Ebenfalls wundert mich, das im ISPConfig Frontend in der Mailtraffic Anzeige 0 steht.
Schaue ich aber in der DB sehe ich das die Tabelle "mail_traffic" aber Daten beinhaltet.
Was kann ich tun?

Kurz zur verwendeten umgebung:
Server1 - Master Server mit allen Rollen
Server2 - Slave mit DNS und DB

ISPConfig Version 3.0.5.3
OS Debian Wheezy (VPS)


----------



## mcitpsa (14. Apr. 2014)

Mir dämmert da glaube gerade etwas ... das ich vor lauter suchen übersehen / ignoriert habe ...

Sollte beim stats ordner nicht als Owner der web user stehen anstatt root?

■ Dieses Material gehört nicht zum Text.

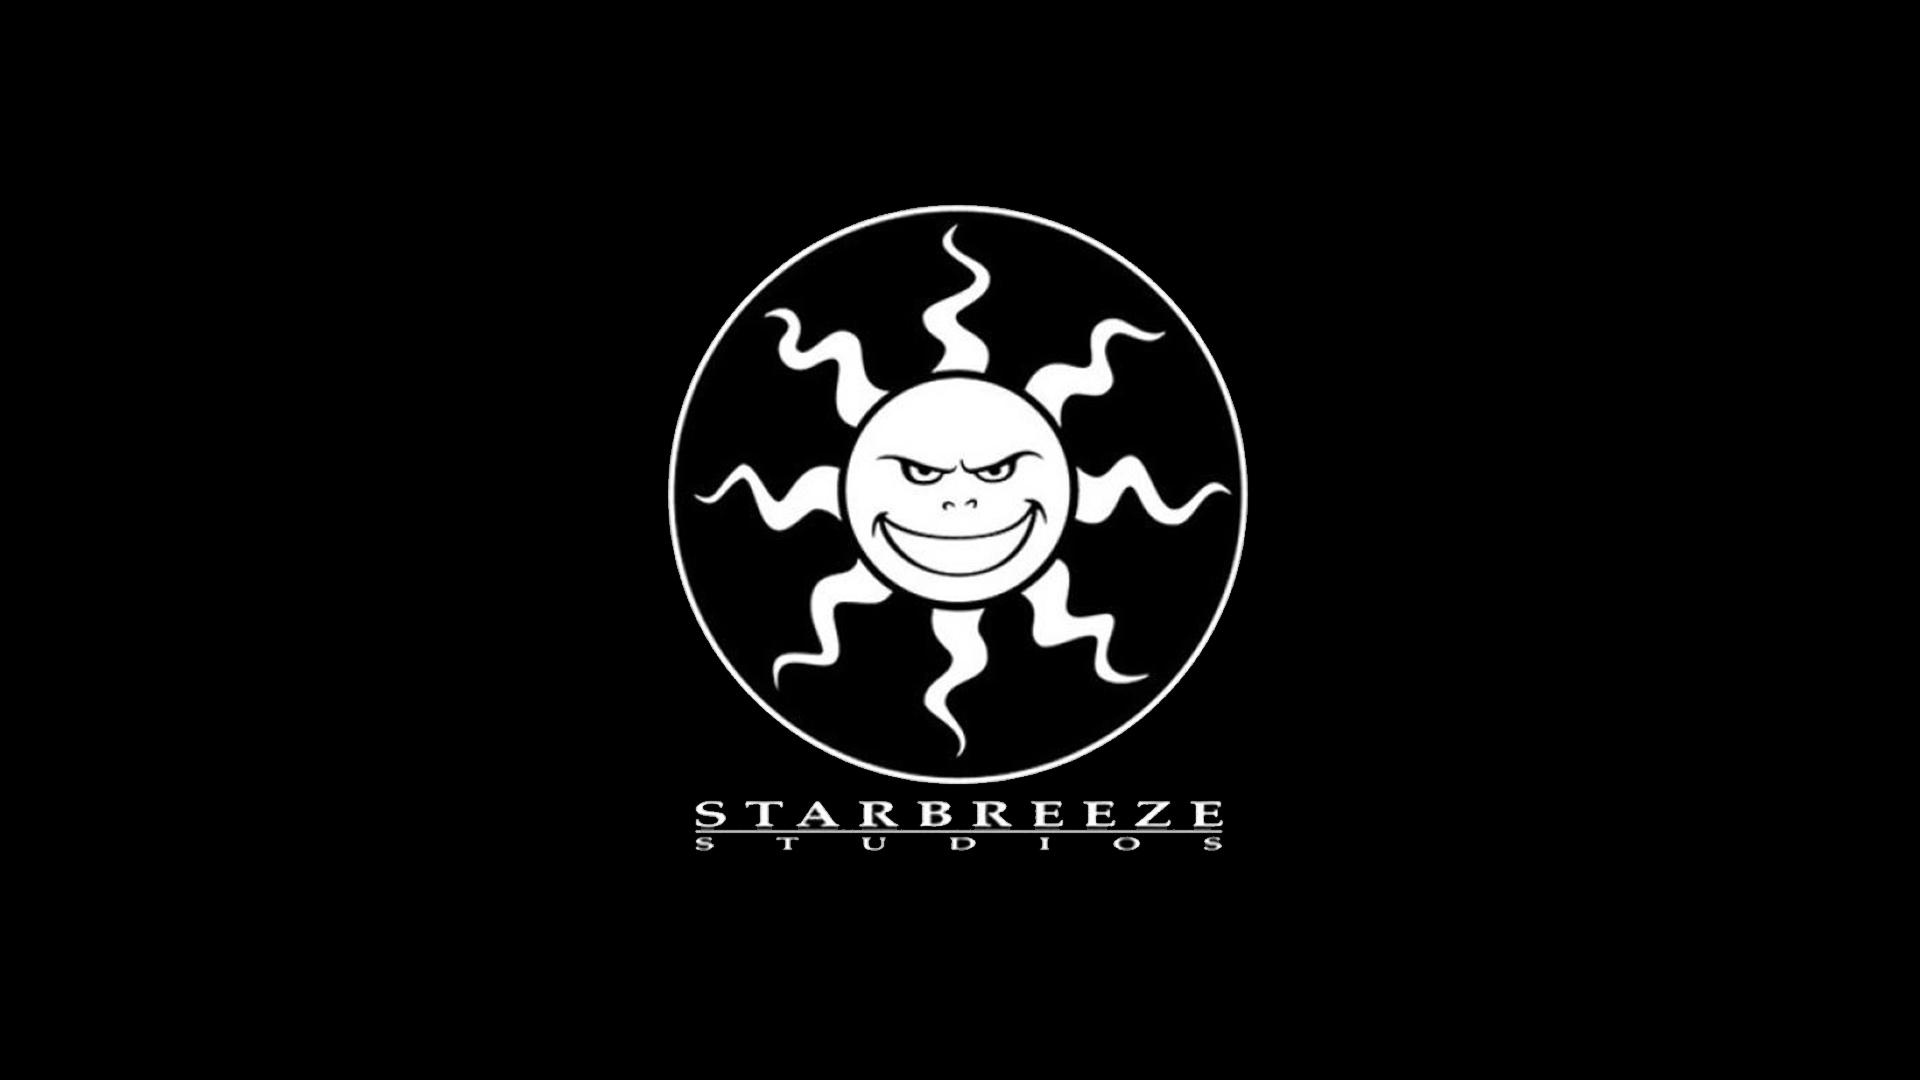 Starbreezre要求评估《超杀:行尸走肉》开发成本

Das würde eines zumindest "erklären" bleibt nur noch dann (wenns denn so ist) die sache mit dem Mailtraffic im ISPConfig 3 Frontend.


----------



## Till (14. Apr. 2014)

Die Rechte des stats Ordners sind in Ordnung so.

Zu Deinem Problem, awstats erstellt web Statistiken und keine Emailstatistiken. Daher hat die Tabelle mail_traffic nichts mit awstats zu tun.

Schau doch mal in den log ordner des web, ob dort Zugriffe im access.log gelogged werden.


----------



## mcitpsa (14. Apr. 2014)

Hallo Till,

danke für den Hinweiss.
Mir war klar das AWStats keinen Mailtraffic auflistet. 
War wohl ein wenig unpassend von mir formuliert.
Ich gehe aber davon aus in der Access.log daten erfasst werden.
Starte ich den Cron per hand, wird AWStats auch aktualisert.

In der ISP Log findet sich auch kein hinweiss das der Cron nacht irgendwelche Fehler zurück gibt.
(Auszug aus dem Log kann ich heute abend anfügen)

Bezüglich dem Mailtraffic:
Im Frontend sieht man ja (eigentlich) den Mailtraffic und die Mailquota.
Sehe ich mir zb. von web1 die Quota an wird mir diese auch richtig angezeigt.
Nur, wenn ich mir den Mailtraffic ansehen will, steht im Frontend jeweils 0.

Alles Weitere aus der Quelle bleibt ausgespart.